The benefit of extended courses of ADT is not surprising considering the data from the radiation trials where ADT + EBRT is clearly superior to EBRT alone in all measures of survival, and recent studies have shown that longer periods of ADT are better than shorter periods; that is, 3 years is better than 6 months.[36] Although some of the benefit of ADT is related to its role in sensitizing the cancer to radiation, the benefit of 3 years of ADT over 6 months suggests that prolonged ADT itself might also have a significant role.

Neoadjuvant and adjuvant chemohormonal therapy

The rationale for neoadjuvant or adjuvant chemotherapy in high-risk prostate cancer is based on its activity in castration-resistant prostate cancer and benefits in other solid cancers. No studies to date have shown convincing evidence that chemotherapy, whether alone or in combination with ADT, improves BPFS.[64-67] The concept of neoadjuvant chemotherapy combined with ADT is in keeping with tumor model data indicating that simultaneous chemotherapy and ADT most effectively suppresses prostate cancer tumors compared with sequential treatments of ADT followed by chemotherapy or vice versa.[68] A phase III study to determine if combined neoadjuvant docetaxel + ADT before RP is beneficial as compared with RP alone in men with high-risk prostate cancer is currently in progress (CALGB 90203, NCT00430183 at ClinicalTrials.gov).[69]

Salvage prostatectomy after failure of other primary therapies

There are few more challenging patients than the man seeking salvage prostatectomy with biochemical recurrence after EBRT, cryotherapy or HIFU. These men present with proven resistant tumors sitting in a previously treated field, and might already have compromised sexual, urinary and physical health. A recent review by Mendenhall et al. on treatment options after failed EBRT concluded that RP provided a better cure rate than other salvage therapies (brachytherapy, cryotherapy or HIFU), but acknowledged that the risk of morbidity is high.[70] While daunting, the principles of surgery in these men are early salvage treatment after a careful search to rule out metastatic disease as the cause of PSA recurrence, with patients being aware of the increased risk of erectile dysfunction, urinary tract infection, transient urine leaks, urinary fistula, bladder neck contractures and rectal injury with recto-urethral fistula.[71-73] The CSS after salvage RP has been reported as 73% at 10 years and 60% at 15 years.[72] Although the cancer outcomes are good after salvage surgery, it is still true that RT is better tolerated after RP than the other way around in men requiring additional treatment for their aggressive prostate cancer.[74-76]

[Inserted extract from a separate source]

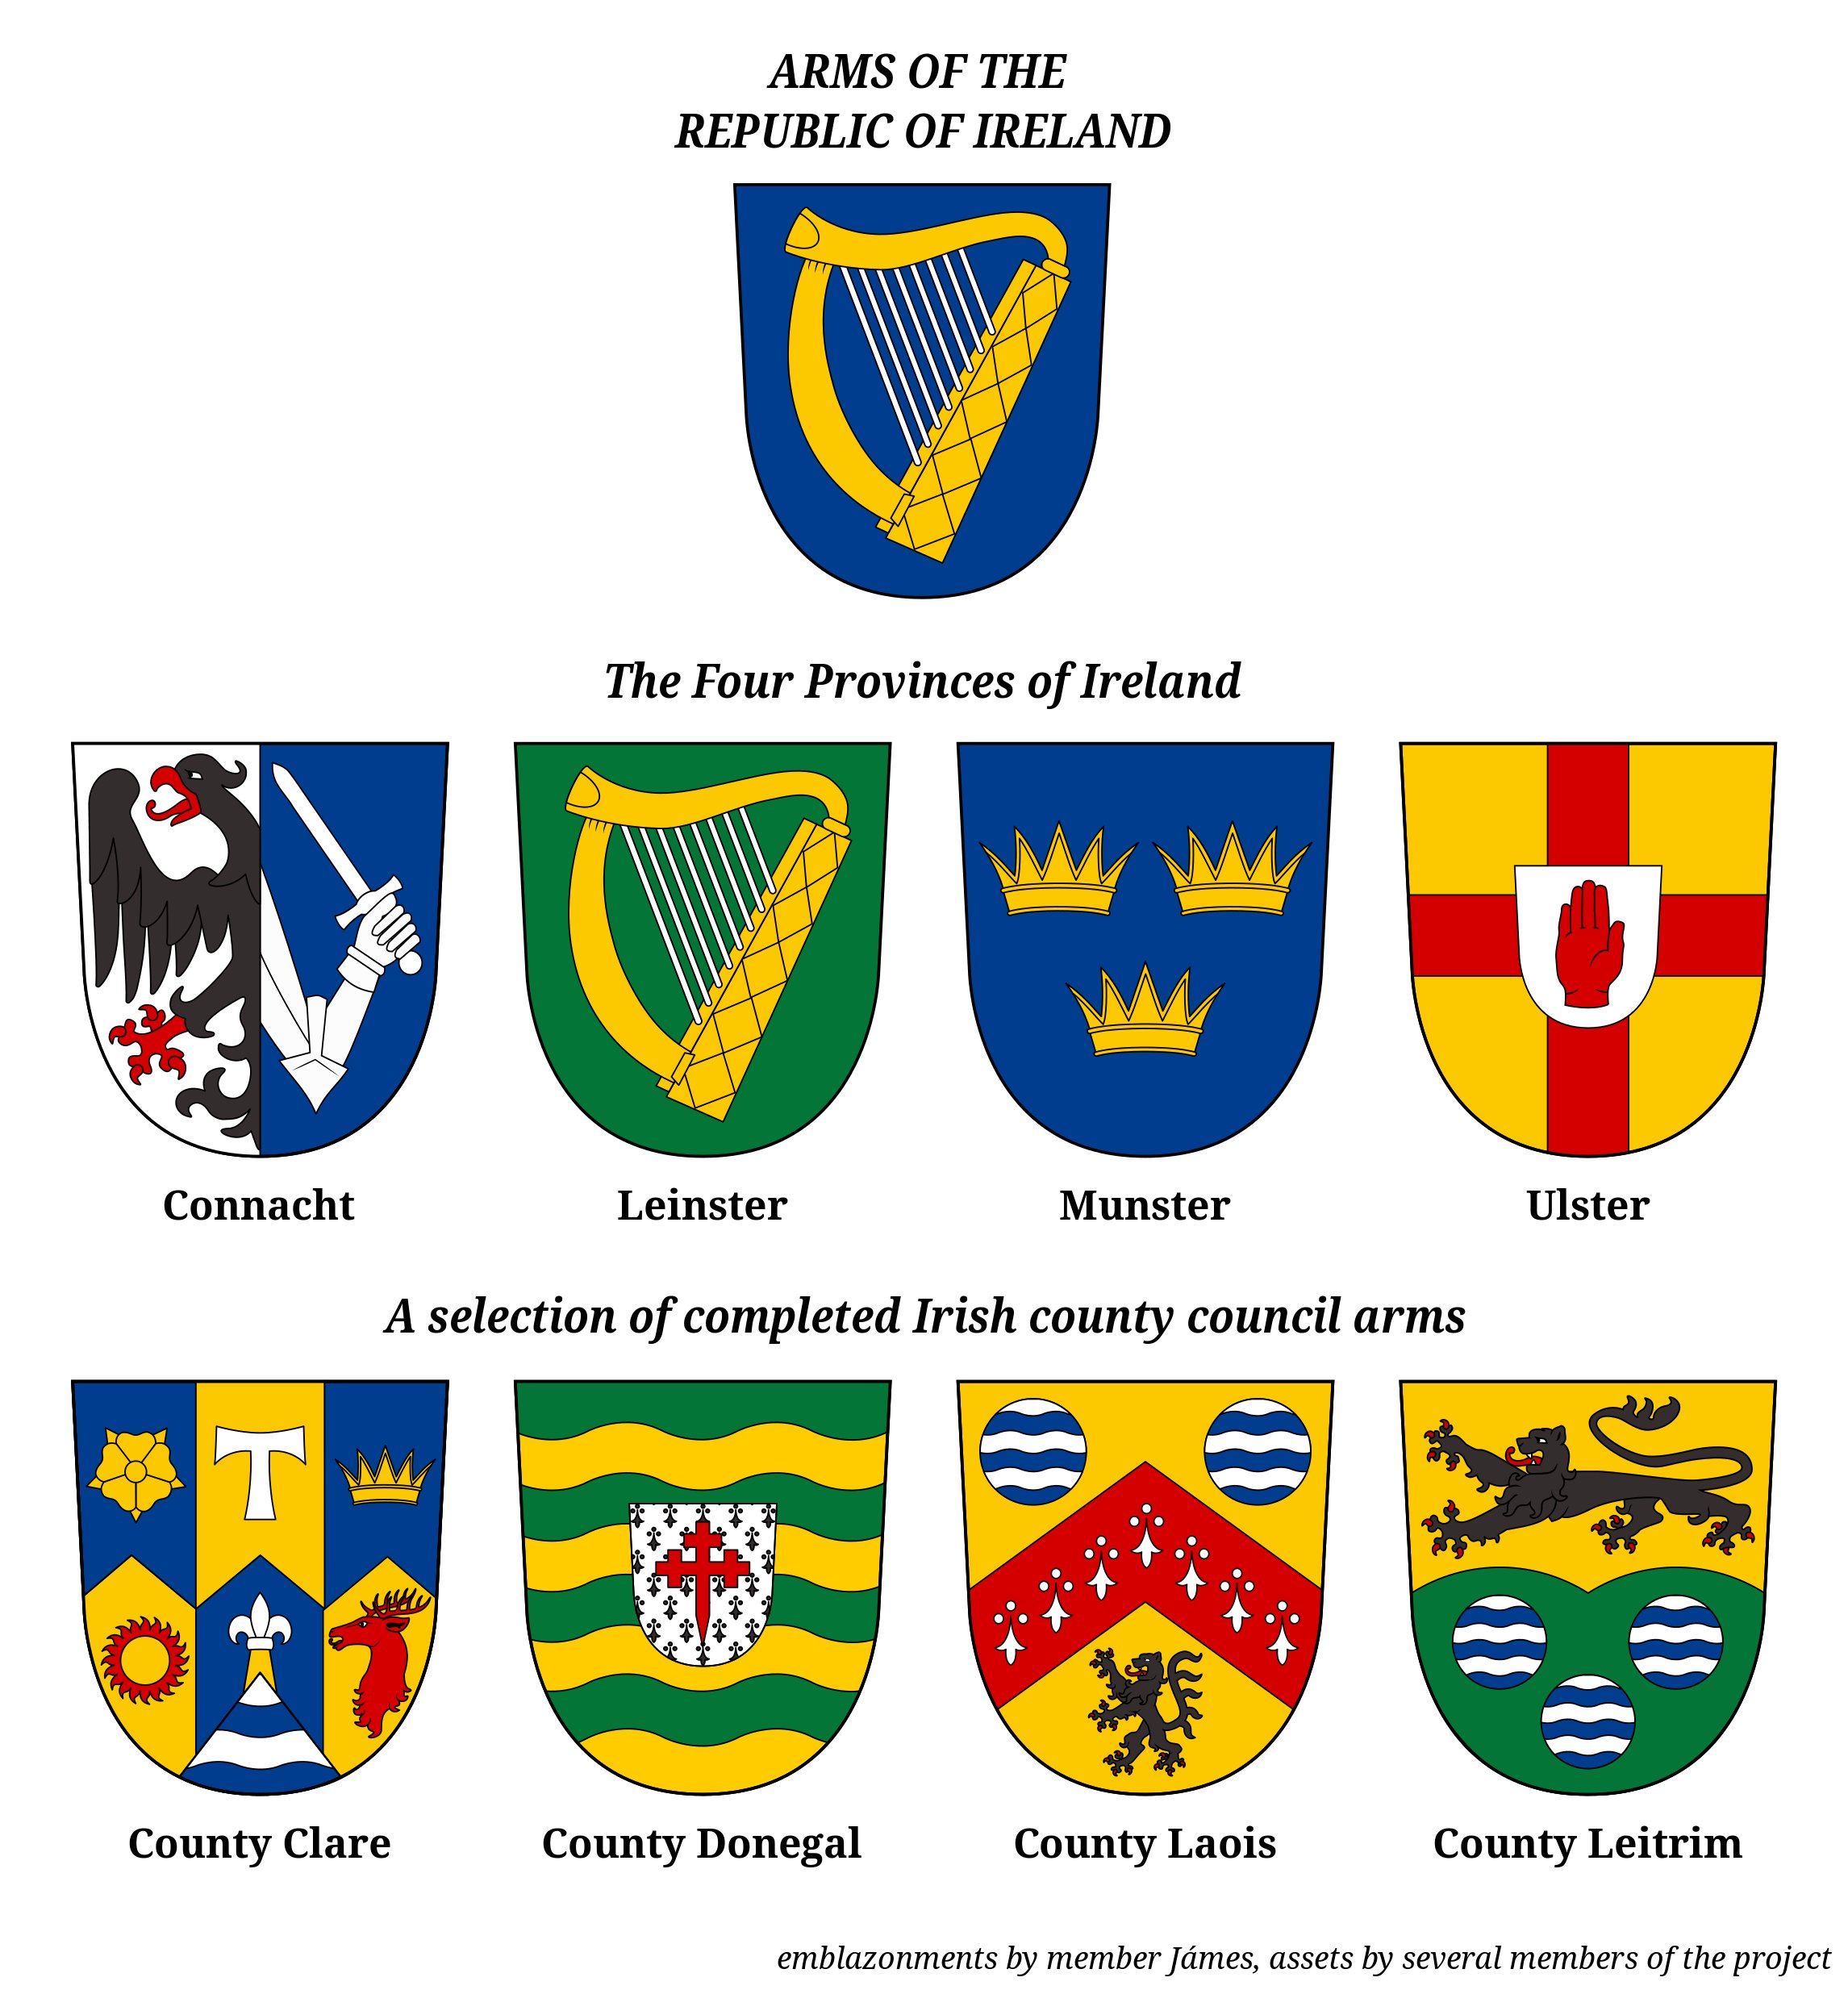 Encyclopaedia Heraldica–Internet Armorial Project on X: #heraldry #sweden  The Swedish three crowns (tre kronor) symbol was first used on the seal of  King Magnus Ladulås, who ruled between 1275 and 1290. The

What are the pros and cons of radical prostatectomy in men with high-risk prostate cancer?

While the currently irresolvable debate rages on between the best treatment option for men with high-risk prostate cancer, informed discussions with our patients regarding their management can focus on the following points regarding surgery:

Pros

Definitive histopathological diagnosis

Arguably, the greatest advantage of RP is obtaining the true pathological grade and stage of a patient's primary cancer to determine who will benefit most from adjuvant treatments. This includes an accurate assessment of lymph node involvement with a PLND.[49] Preoperative clinical stage is often inaccurate in localized prostate cancer. In a review of the CaPSURE database, an inaccurate clinical stage was assigned to 35.4% of the patients.[77] More specifically, up to 50% of patients with preoperative clinical high-risk prostate cancer will have more favorable prostate cancer on their final pathological specimen.[10, 78] This includes 31–45% of patients who have a biopsy Gleason score of ≥8, but a final RP pathological specimen of ≤7,[79, 80] and 9–44% of patients with cT3 stage will in fact have organ-confined tumors.[9, 41, 43, 81, 82] Importantly, patients who are downgraded have better outcomes than those who are not.[79] Furthermore, many men will be cured with RP alone without a higher rate of complications, and enjoy the benefits of avoiding adjuvant treatments.[41-43]

Excellent local control

There are important biological and psychological benefits of debulking the tumor and removing the prostate as a future source of metastatic cells. Local pelvic control is extremely important, even if there is a risk of micrometastatic disease. Inman et al. reported a local recurrence rate of just 13% after RP in men with high-risk prostate cancer.[31] Furthermore, adjuvant or salvage RT cures another 50% of recurrences, which represents a threefold reduction of death from prostate cancer after surgery with minimal additional morbidity.[44, 45] Conversely, salvage RP is more difficult after RT and less well tolerated by patients.[74] Zelefsky et al. showed that the positive biopsy rate at 2 years after RT in men with high-risk disease is 33% and 16% for those who received 75.6 Gy or 81 Gy, respectively.[83] Although RT techniques are evolving and some of these positive biopsies will not progress to recurrent disease, there is still a concern that RT might lead to a late wave of metastatic seeding from a biologically altered post-irradiated prostate cancer.[84]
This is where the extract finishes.